Durante la spedizione, nella fusoliera il morale era alto, perché pensavano che la salvezza fosse molto vicina. Inoltre, erano contenti di avere più spazio per dormire e di non dover avere a che fare con Canessa e Vizintin, in quel periodo irritanti e prepotenti. L'atmosfera allegra, però, scomparve, in quanto Rafael Echavarren spirò a causa della gangrena alle gambe e della forte denutrizione. Inoltre, il giorno dopo, la spedizione tornò e Canessa, Parrado e Vizintin raccontarono la loro avventura, dell'impressione che la direzione fosse sbagliata, delle batterie e del materiale che avevano trovato nella coda.

Il 23 novembre Canessa e Parrado si accinsero a togliere la radio dalla cabina di pilotaggio, convinti che con l'aiuto di Harley avrebbero potuto farla funzionare. Harley era considerato l'esperto, perché aveva aiutato un amico ad assemblare un impianto stereo, ma lui era convinto che non sarebbe mai riuscito a farla funzionare; anche Algorta lo pensava, anche se non disse niente, mentre Canessa e altri, invece, erano certi che Harley sarebbe riuscito a farla funzionare.

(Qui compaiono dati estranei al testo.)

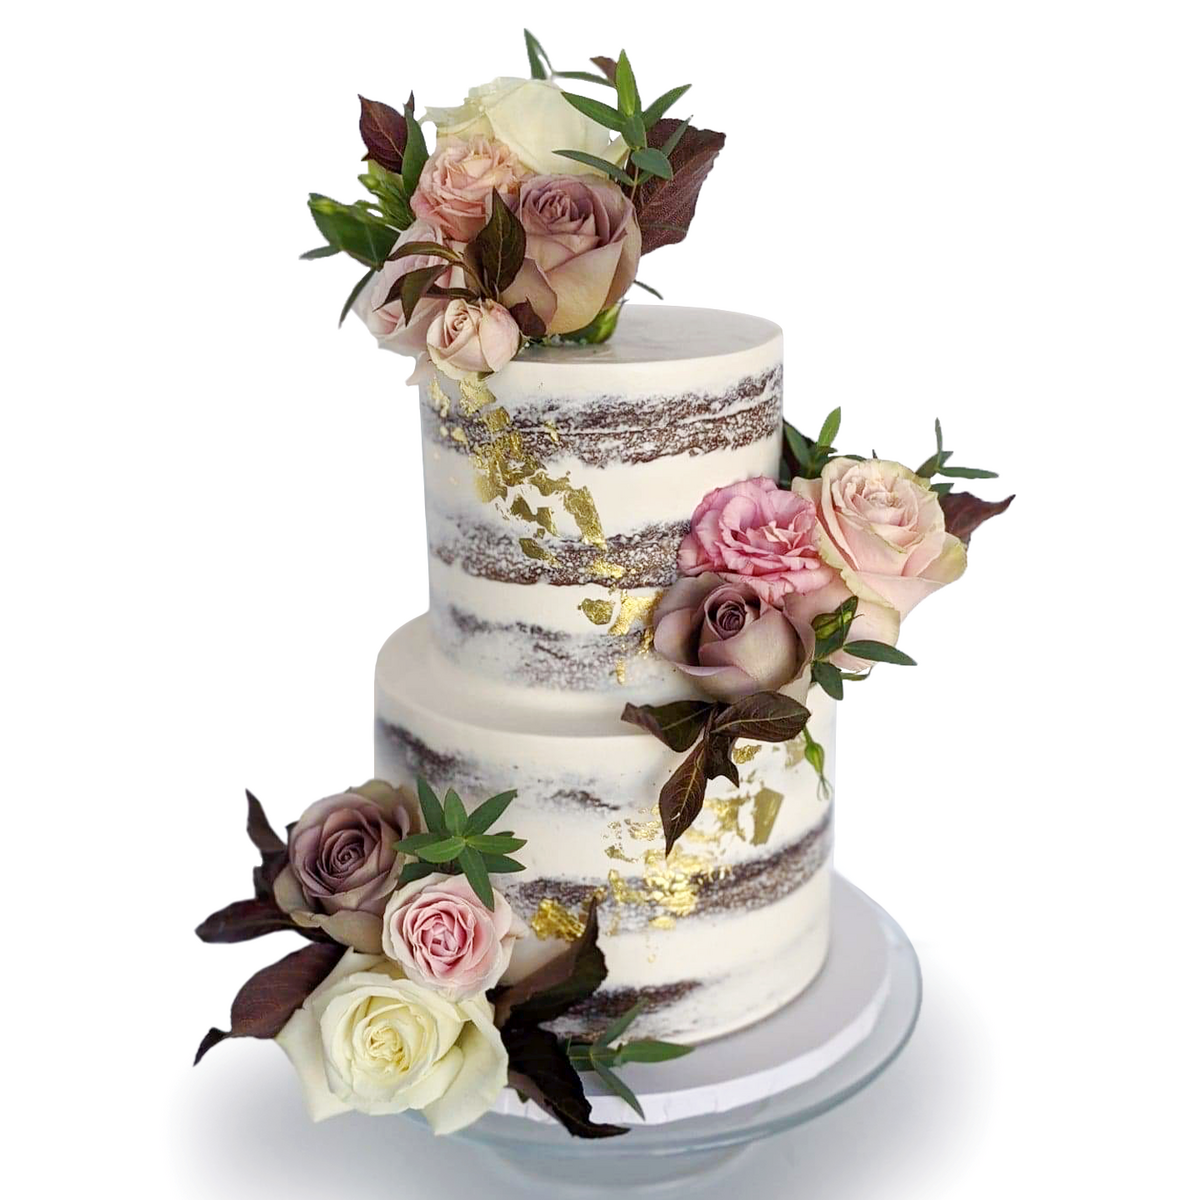 Whippt Kitchen - wedding cake Aug 2020 2

Una volta estratta la radio e l'antenna e nonostante i tentennamenti di Harley e di Canessa, molto titubante a riprendere a camminare nella neve, la spedizione ripartì alla volta della coda. La ripartenza della spedizione portò ancora una ventata di buon umore, per gli stessi motivi della precedente partenza. Non poterono però rimanere passivi in attesa degli eventi: il cibo cominciava a scarseggiare. In verità, il problema non era avere le provviste, ma trovarle: le persone decedute nello schianto erano state seppellite da uno spesso strato di neve in seguito alle due valanghe, e rimanevano una o due vittime della valanga a disposizione. Inoltre, il disgelo era realmente iniziato, per cui i cadaveri in superficie, appena coperti da un lieve strato di neve, cominciarono a imputridire, soprattutto nelle ore più calde della giornata.

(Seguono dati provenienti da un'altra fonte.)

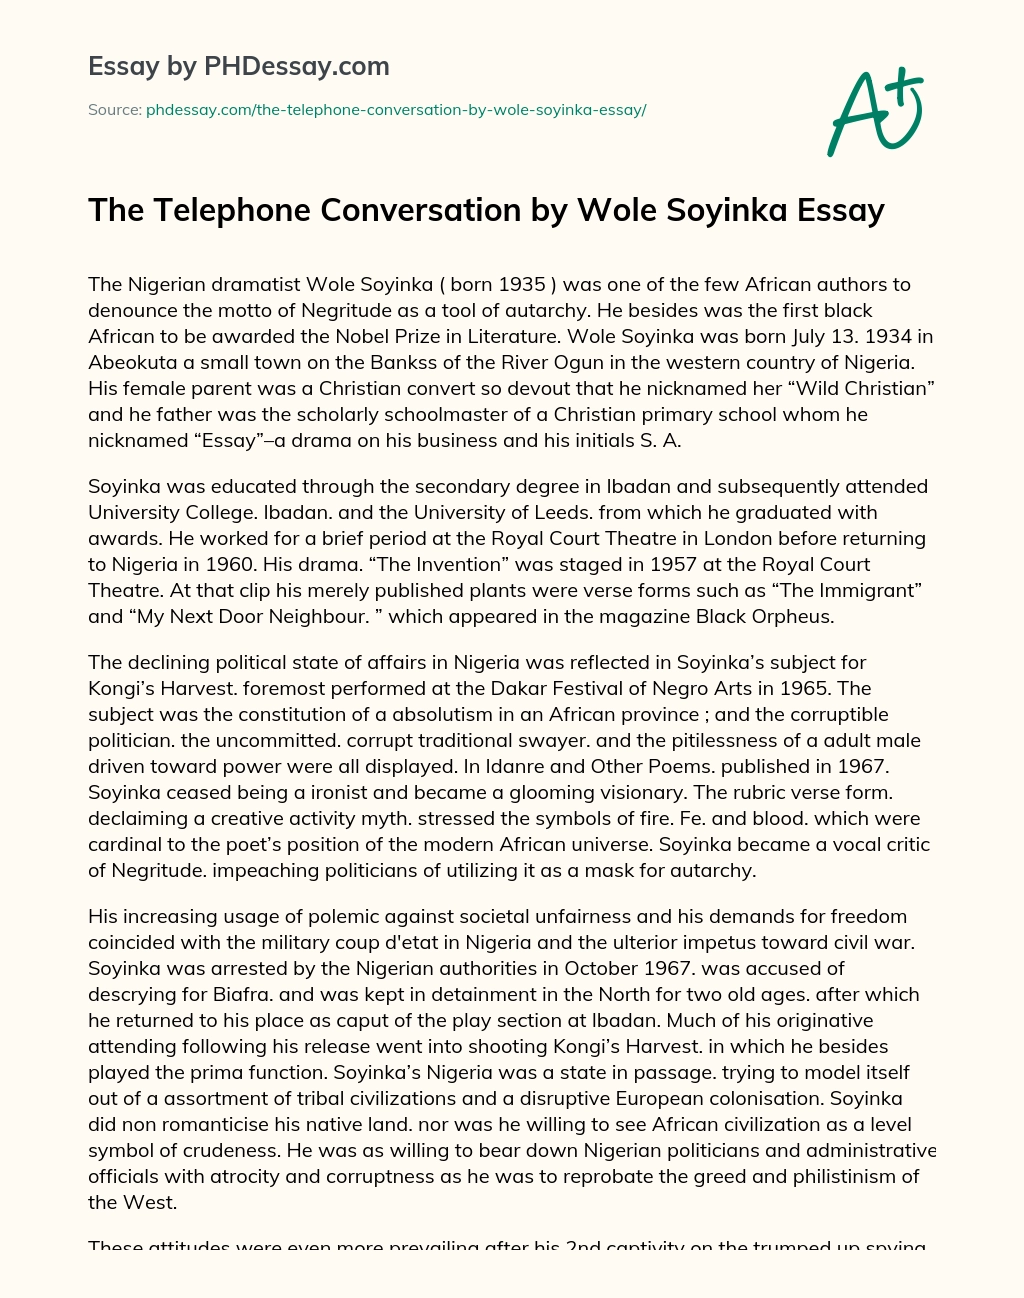 The Telephone Conversation by Wole Soyinka Essay essay

I quattro ragazzi, una volta arrivati alla coda, passarono la giornata a riposare e a frugare nelle valigie che il disgelo a poco a poco riportò alla luce e che nel passaggio precedente non videro. In una valigia Parrado trovò una macchina fotografica, che sarà usata per le fotografie che hanno immortalato i drammatici momenti vissuti. Dopo tre giorni di lavoro intorno alla radio, Parrado e Vizintin dovettero tornare alla fusoliera, perché il cibo che avevano portato con sé non era sufficiente. Una volta alla fusoliera dovettero cercare loro stessi di disseppellire un cadavere, perché gli altri superstiti stavano diventando sempre più deboli. Dopo due giorni tornarono alla coda, dove constatarono che Canessa e Harley erano riusciti a fare i collegamenti tra radio e batterie e radio e antenna, ma non captarono nessun segnale.

Pensando che l'antenna fosse difettosa, ne crearono una artigianale. Quando collegarono tale antenna a una radio a transistor che avevano con loro, riuscirono a captare alcune stazioni del Cile, dell'Argentina e dell'Uruguay. Ma quando provarono a collegarla alla radio del Fokker, non captarono nulla. Nel ricollegarla alla radiolina a transistor, udirono anche un notiziario che comunicava che un Douglas C-47 avrebbe ripreso le ricerche del Fokker (erano le ricerche personali di Carlitos Paez e di alcuni genitori). Harley e Canessa erano felicissimi, Vizintin non ebbe particolari reazioni, Parrado disse che anche se le ricerche erano riprese non era certo che li avrebbero trovati. Rimase sempre dell'idea che se la radio non avesse funzionato, sarebbe partito per l'ovest, direzione Cile. Vizintin staccò il materiale intorno a quello che era stato l'impianto di riscaldamento del Fokker; era un materiale leggero che tratteneva il calore e pensò di farne una specie di sacco a pelo, che sarebbe servito per le notti che avrebbero eventualmente dovuto affrontare.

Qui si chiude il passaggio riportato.